Vers une généralisation des réseaux personnels

Par 18 novembre 2008
Mots-clés : Smart city

Magnet Beyond développe une infrastructure capable de gérer depuis une même interface l'ensemble des équipements informatiques d'un individu ou d'un groupe.

Le projet européen Magnet Beyond veut rendre les réseaux personnels (PN) accessibles à tous, même aux utilisateurs n'ayant aucune connaissance en matière de technologies. Il travaille sur un système capable de réunir et gérer sur une même interface l'ensemble des informations qui transitent sur les différents équipements informatiques d'un groupe (personne, entreprise, lieu) : téléphones et ordinateurs portables, netbook, capteurs, technologies embarquées dans le véhicule et à son domicile... Chaque individu jonglera en effet avec une multitude de réseaux personnels d'ici 2017. Autant dire qu'il sera impossible de gérer l'ensemble des données, des fonctions et des services proposés sur ces multiples outils. Selon ses initiateurs, le projet permettra de se créer un réseau personnel quelles que soient les technologies utilisées pour ses différents appareils.
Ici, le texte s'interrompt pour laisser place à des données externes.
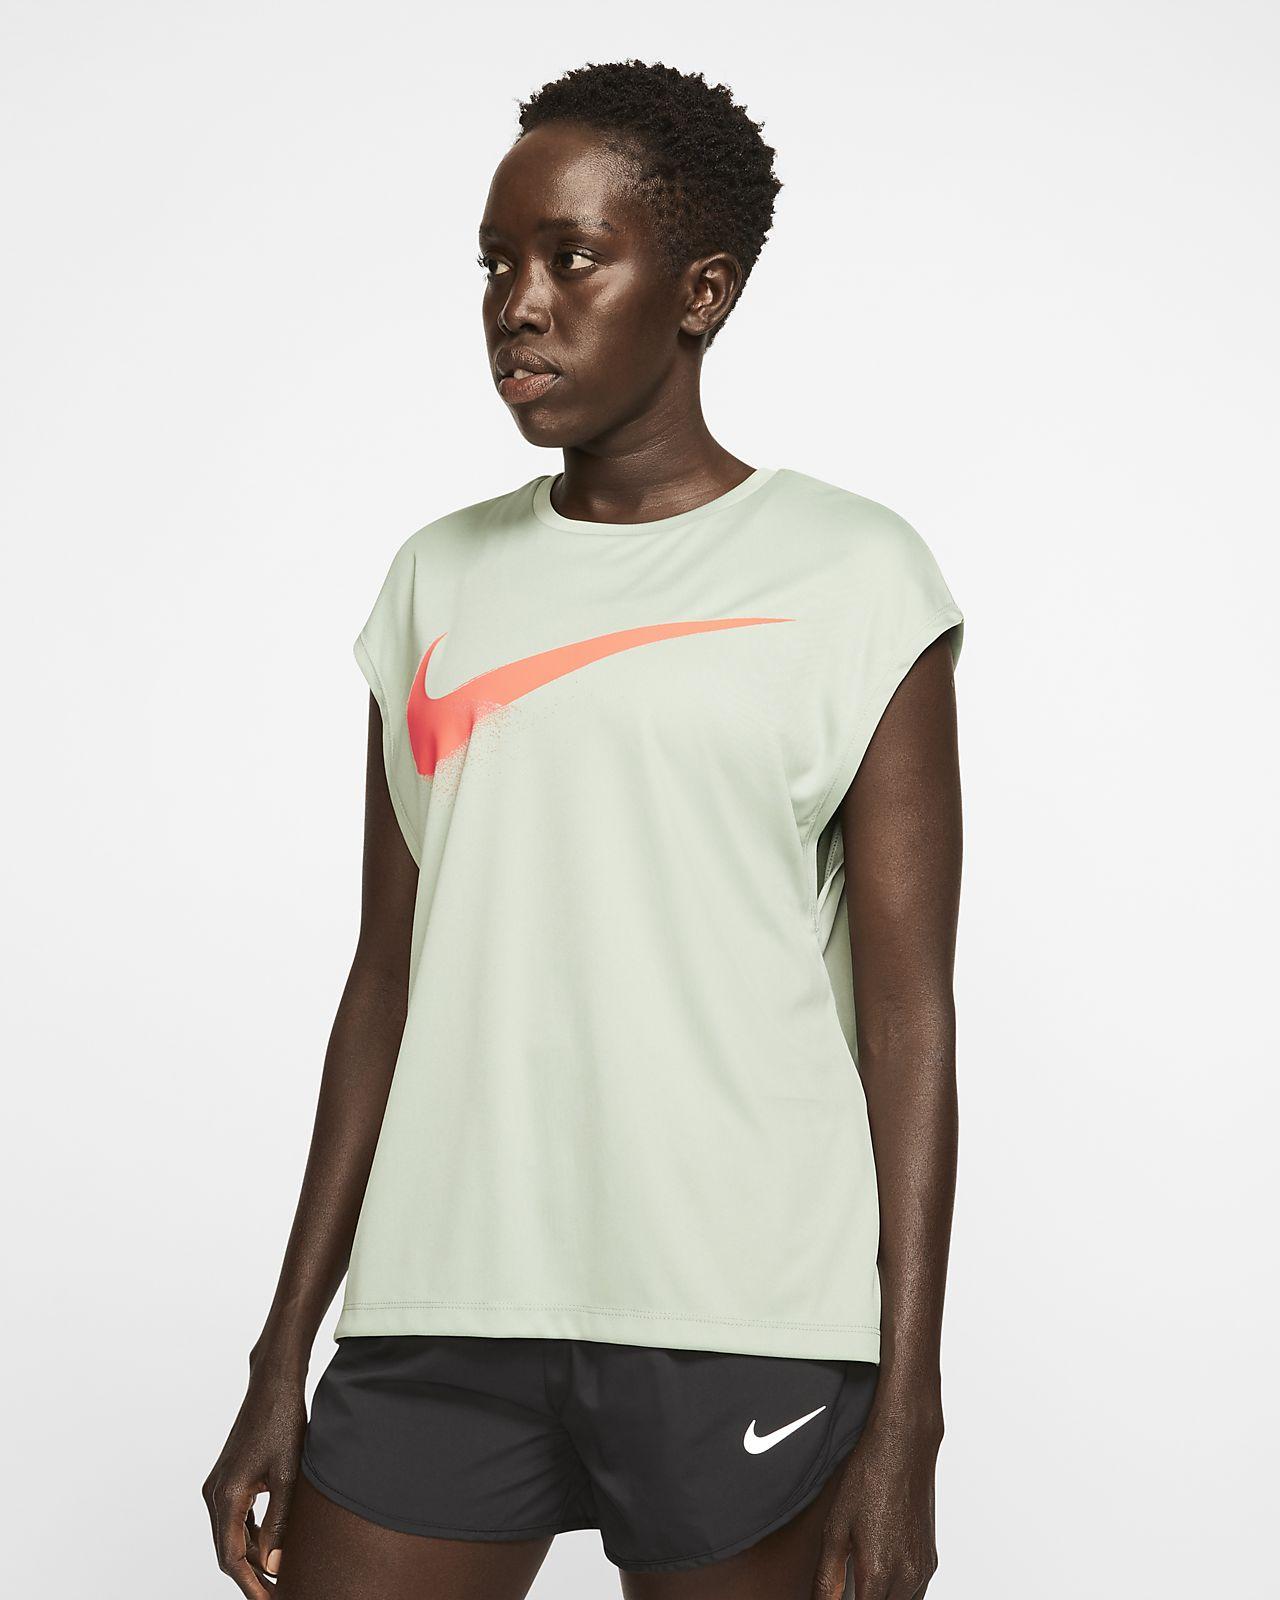 Nike Dri-FIT Women's Graphic Running Top

Interopérabilité avec tous les protocoles
Mais aussi de relier plusieurs réseaux entre eux, et d'y accéder depuis une seule interface. Les utilisateurs profiteront ainsi de fédérations de PN, c'est-à-dire la liaison temporaire de réseaux appartenant à ses amis, collègues ou clients. Si le propriétaire d'un réseau est en déplacement, le système donnera la possibilité de se relier à ceux des personnes rencontrées sur le terrain. En termes de connectivité, le système autorise des connexions sur des réseaux de plusieurs fréquences radio, du Bluetooth à la 3G. Il est aussi capable d'assurer la connexion à des protocoles émergents comme la B3G (Beyond 3G). Pour accéder à ces données, les responsables ont aussi mis au point deux interfaces d'accès, l'une prévue pour des communications bas débit, l'autre dédiée à des liaisons en haut débit.
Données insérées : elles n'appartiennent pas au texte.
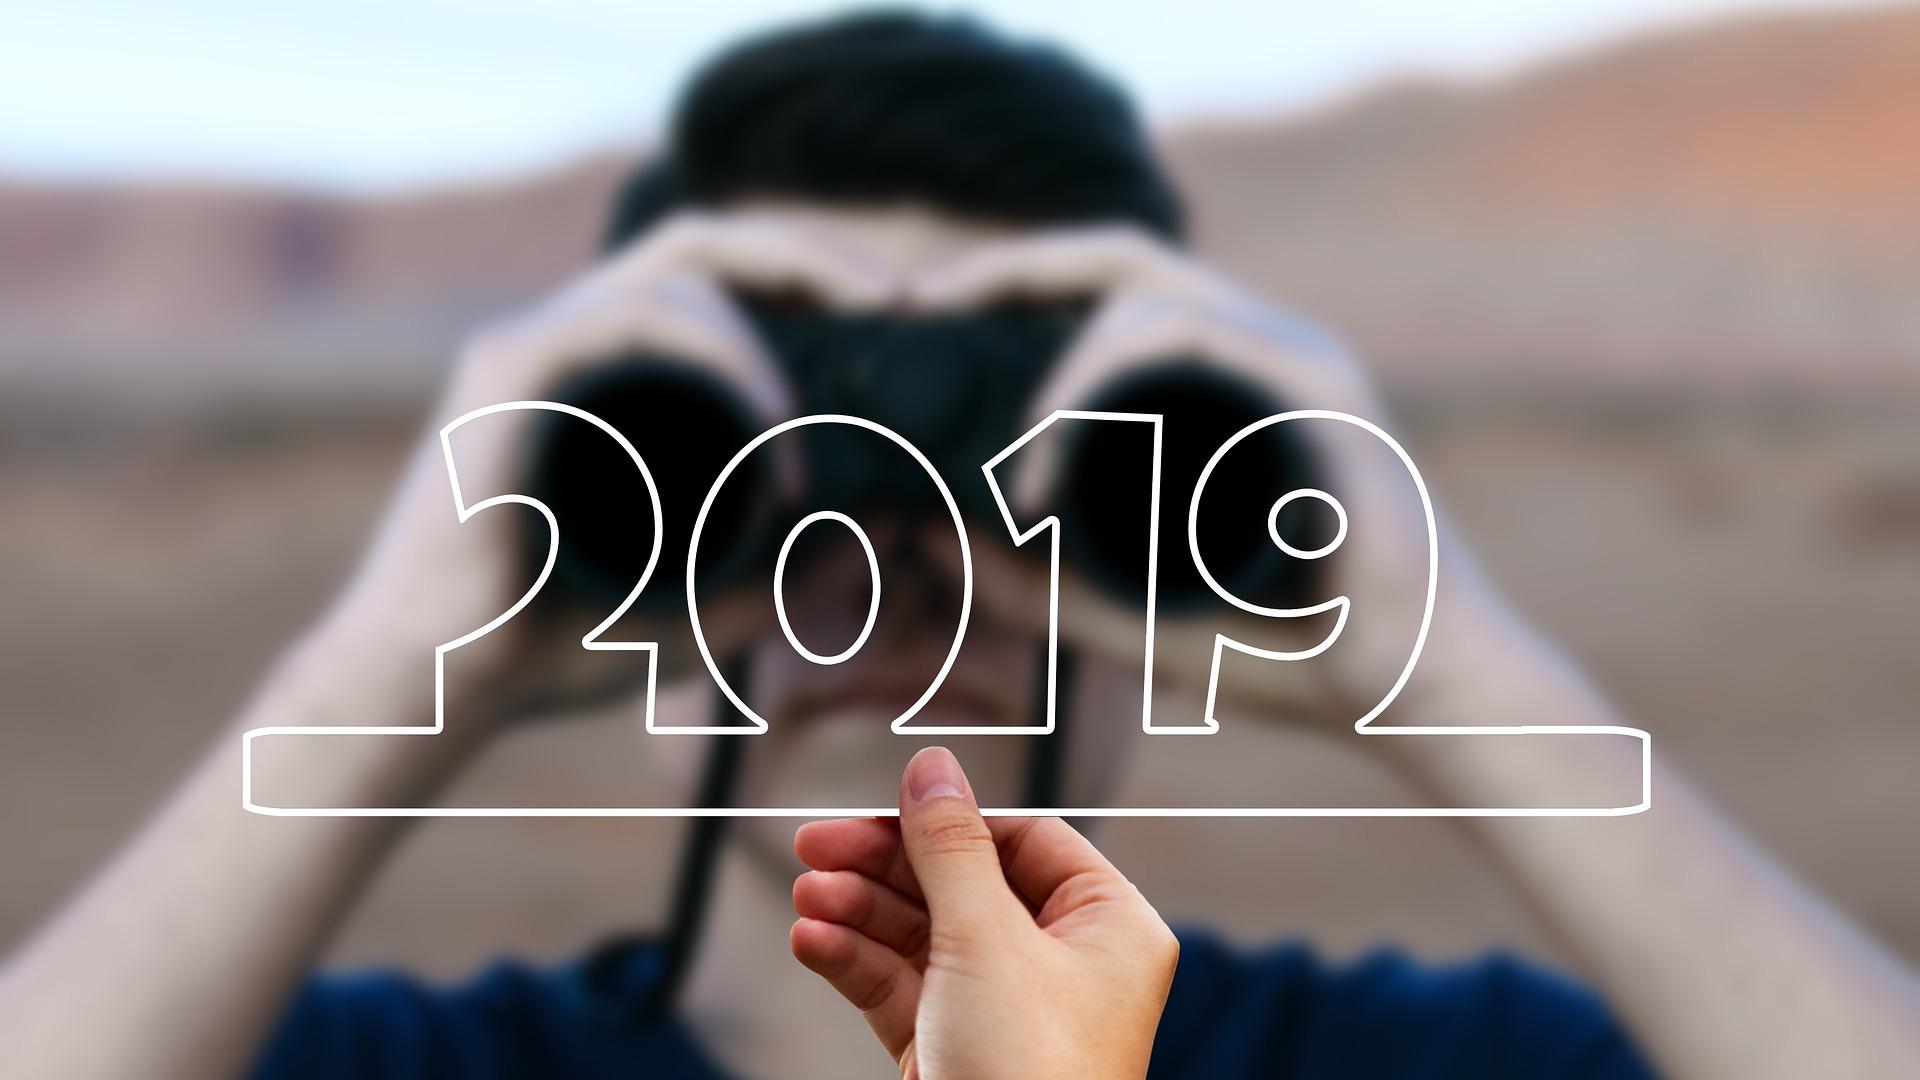 Glaskugelige Kaffeesatzlesereien für 2019: Pinterest, Newsletter und ein düsteres Jahr für den Journalismus

Systèmes d'encryptage et anonymisation des données
La première autorisera des transmissions sur une portée de moins de 10 mètres, en dessous de 100 kbps.Elle est basée sur une transmission en ultra large-bande (UWB), est peu coûteuse et simple à intégrer dans les appareils, arguent ses créateurs. La seconde autorise des transmissions jusqu'à 130 Mbps. Les deux interfaces peuvent coexister sur le même appareil. Côté sécurité, la solution embarque entre autres choses un système d'encryptage. L'anonymat des utilisateurs est assuré en utilisant un avatar qui leur fournit une identité virtuelle. Plusieurs tests ont déjà été réalisés. La première période de recherche du projet, initié en janvier 2006, est arrivée à son terme. Aucune date de commercialisation n'est encore envisagée.